Using Fortify Tool in project life cycle

Question

I ran fortify SCA on my source code which is already developed found several issues..How should I go about fixing these issues? What approach should I take? Because while I start fixing the existing vulnerabilities, new vulnerabilities might come up. If I don't have a proper approach to this ,I might spend a lot of going around in circles. Please suggest a viable approach I should take.

Answer 1

TLDR: Start with the scariest vulnerability and work your way down the list of horrors.

Fortify provides a generalized ranking of issues called "Fortify Priority Order" which Fortify adjusts with your entries in the project description. If this is a web application, you may prefer to use one of the several OWASP Top 10 attributes. If this is a US Federal government application, you may select the FISMA attribute. Personally I prefer the Fortify Priority because it is colorful: it can be gratifying to reduce the red column of critical issues. Rest assured that management will focus on those eye-catching criticals. Once those baddies are gone, then the bright orange Highs will be grabbing their attention.

Fortify also gives you a filter set to help focus your efforts. These range from the bare essentials in the "Developer View" to the increase number in "Critical Exposure View" to all the gory details in the "Security Auditor View." Although the "Developer View" might be tempting for its brevity, if QA or auditors look at your scans, guess which one they will open up. :-)

Each of these attributes can be further filtered by priority order (critical, high, medium, and low) and/or by category of weakness. If time is short (Isn't it always!), you may consider fixing the "low hanging fruit" that are clearly exploitable and readily remediable, instead of getting bogged down a complex refactoring effort. Finally your security operations center may recommend that you focus on specific weaknesses because that those are the attack vectors they are seeing on your network or hosts.

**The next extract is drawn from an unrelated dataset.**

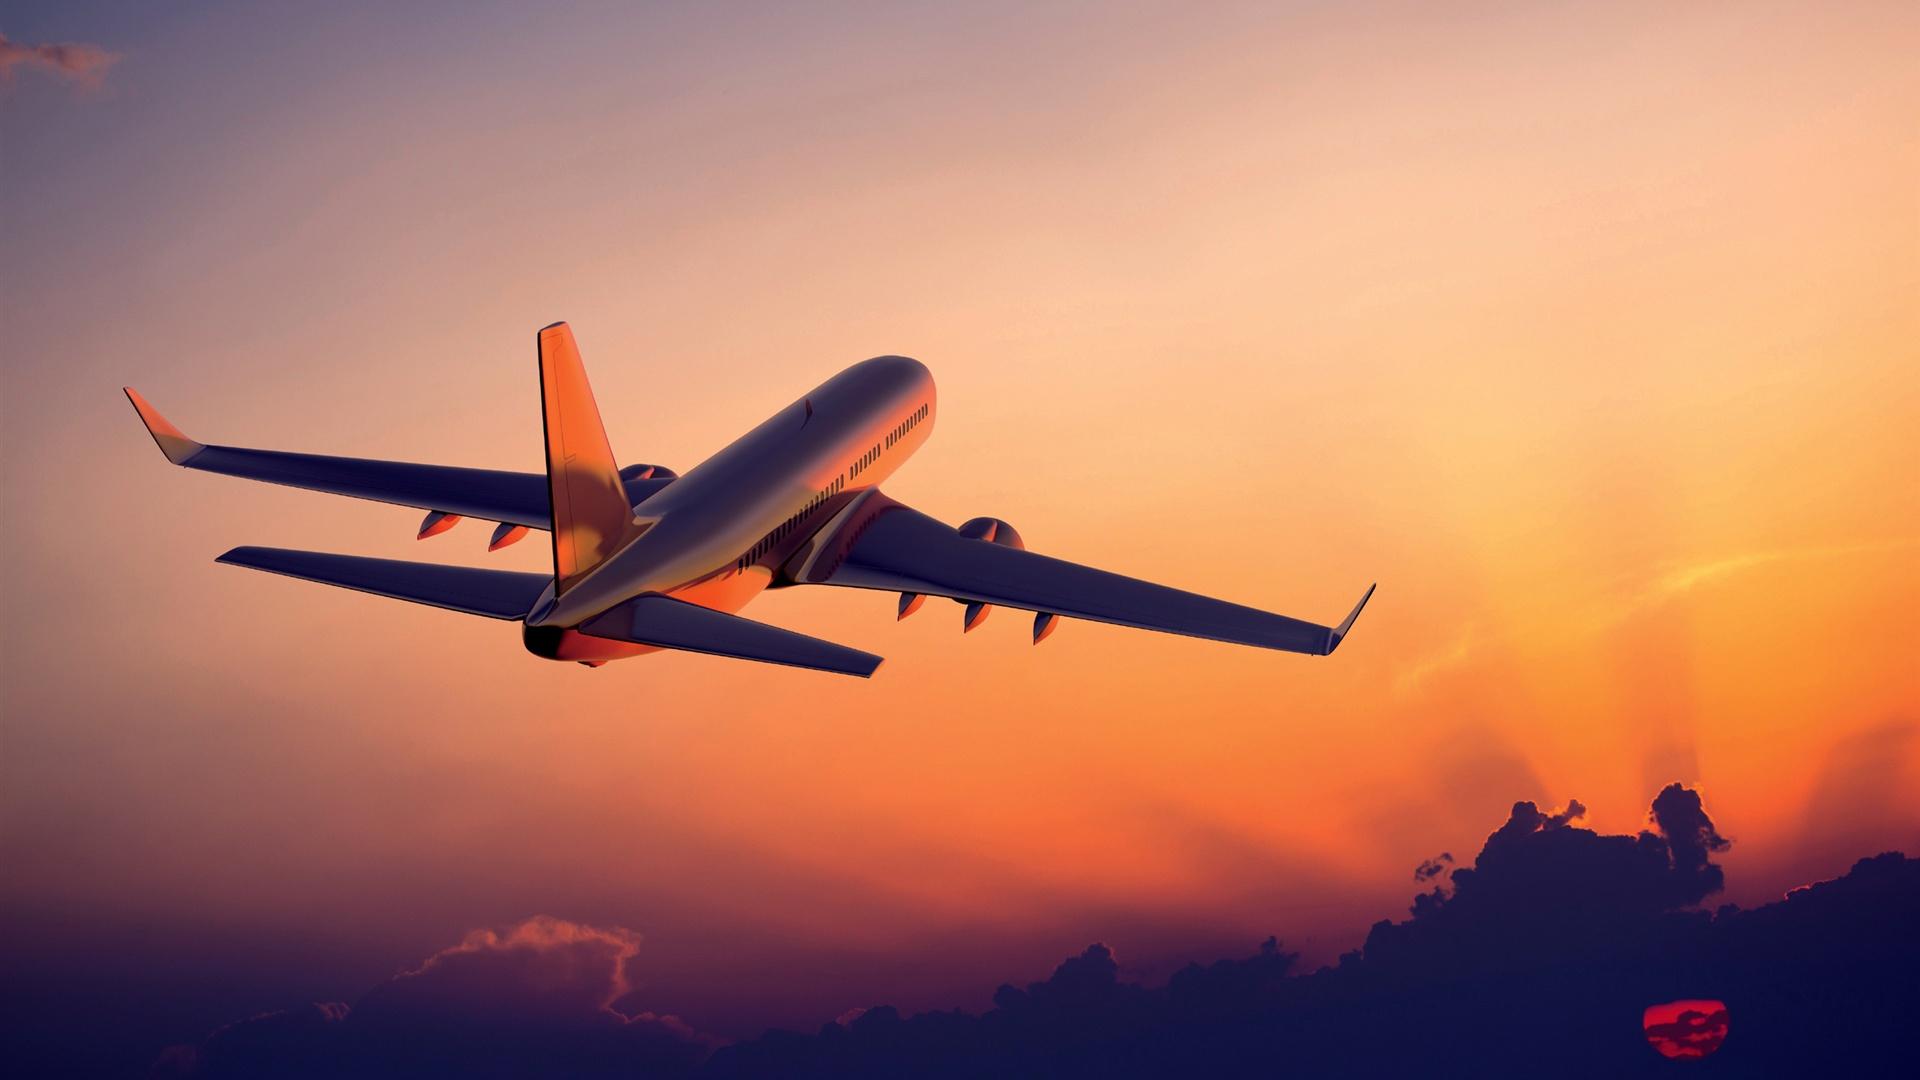 Airplane flight sunset

The timing of re-scanning your code depends. If the application is small and scan can be accomplished quickly, then immediate rescanning will minimize the difficulty of dealing with errors "injected" by you during code remediation. Frequent rescanning reduces the chance that multiple injected errors will interact or otherwise confound one another. Frequent scanning makes it easier to focus on the impacts of your fixes to the issue at hand. However, as the time to scan increases, the delay in getting scan results goes from annoying to impractical. As a consequence of scanning overhead for large and complex applications, most teams will scan once per build; the frequency therefore depends on their build cycle. Managing the number of FPR files you generate with frequent scanning can be a minor nuisance; you probably don't want to clutter your Software Security Center with thousands of FPR files with minor differences and little historical value.

Fortunately Fortify allows you to hide or suppress issues you have determined to be insignificant. (See my answer to HP Fortify — annotating method parameters.) Nevertheless you will still see all the issues you haven't dealt with.